There are two areas of concern when evaluating the use of VMware HA Cluster for creating an Oracle database cloud. These are:

  1. Scalability
  2. Availability

Analysts like to use the so-called "magic diagram" to describe the market space for a given technology or solution. This is very interesting in this case. The following diagram is useful:

Magic1  
Database Cluster Technology Magic Diagram

Think of this graphic as conceptual, but it makes an important point. At the bottom of Availability scale are databases that you don't even back up. Everyone has a few of these. One example is a staging database for temporary storage of summary data which is then inserted into a data mart or data warehouse. If this database fails, you will simply recreate it and rerun the job.

At the top of the same scale is your company's ERP, web catalog or online trading application. If this type of database is down for any length of time (even a few seconds), money is lost, or even worse hard legal requirements are not met and liability results. These databases absolutely have to be up and running at all times in other words.

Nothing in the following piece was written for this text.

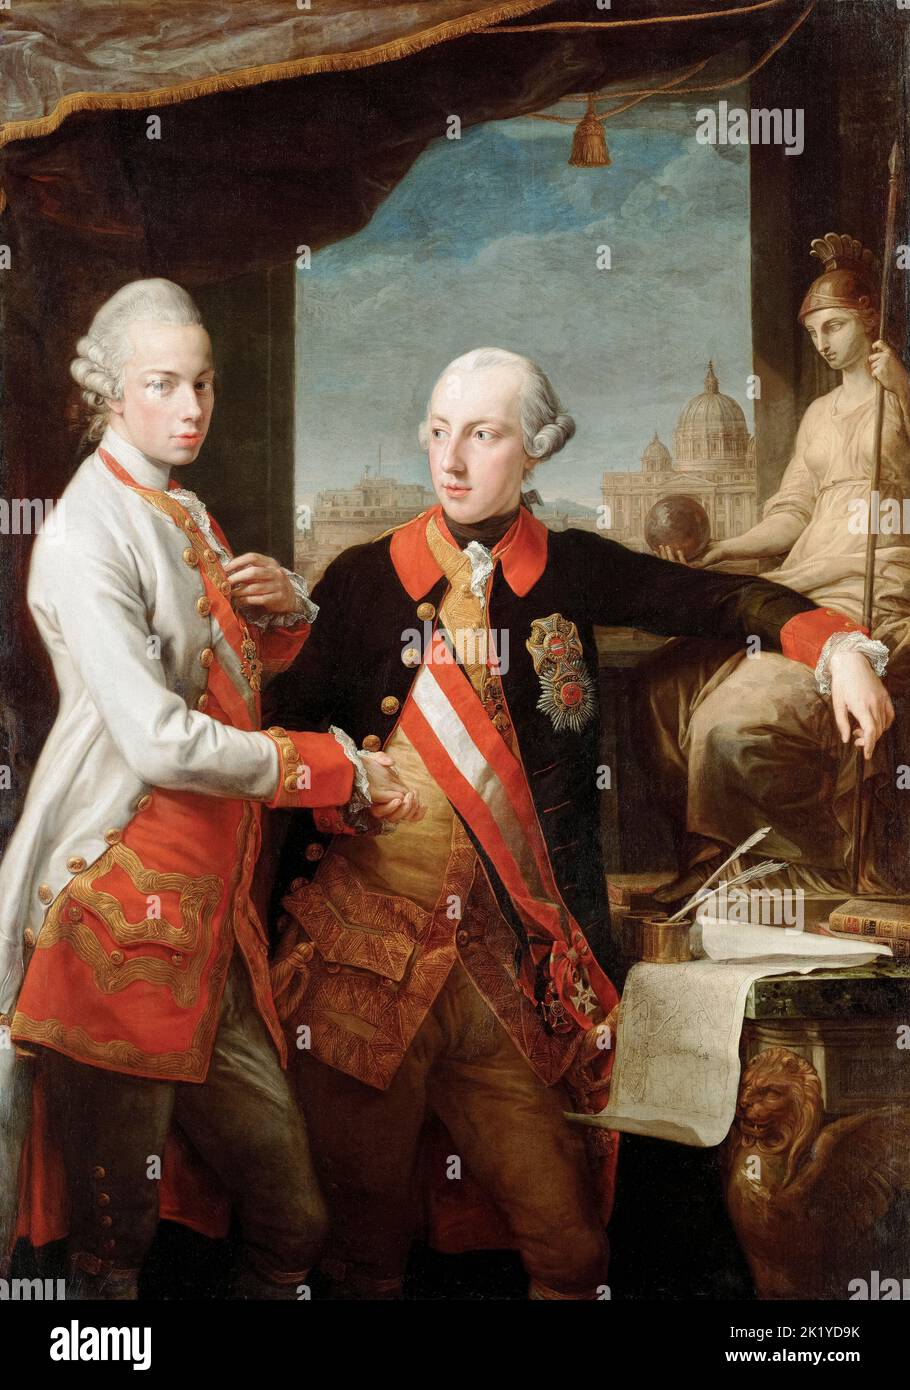 Giuseppe II (1741-1790), Imperatore Sacro Romano (1765-1790), con il fratello Pietro Leopoldo (1747-1792), Granduca di Toscana (1765-1790), poi Leopoldo II, Imperatore Sacro Romano (1790-1792), dipinto a olio su tela di Pompeo Batoni, 1769 Foto Stock

In the middle part of the scale is everything else. These databases have various levels of HA requirements. The SLA may require no more than 2 minutes of downtime in a single month. Or perhaps several hours of downtime can be handled over a weekend. And up to half an hour of unplanned downtime may be OK in a six month period. Again, the requirements vary greatly.

The Scalability scale is similar. At the bottom of the scale (to the left in this case) are databases that are very small and have small I/O requirements. A small database stored on a personal laptop or PDA would be an example. At the top of this scale are databases which are many terabytes in size, have thousands of online users at all times, and where every user has to have the ability to see every row in every table in the entire database. The latter is referred to as a "scale-up". These databases exist in virtually every enterprise of any significant size, and frequently they are also the databases which have high HA requirements. Thus, there is a lot of commonality between these two scales. Again, the company ERP, web catalog, or online trading application may be multiple terabytes in size, have a large number of online users, high I/O demands, and the requirement that all users have access to all of the data in the database, making federating this database impractical or impossible. Very large databases with high I/O requirements probably are pretty important, or we wouldn't be spending all the money, time and effort required to maintain them, after all.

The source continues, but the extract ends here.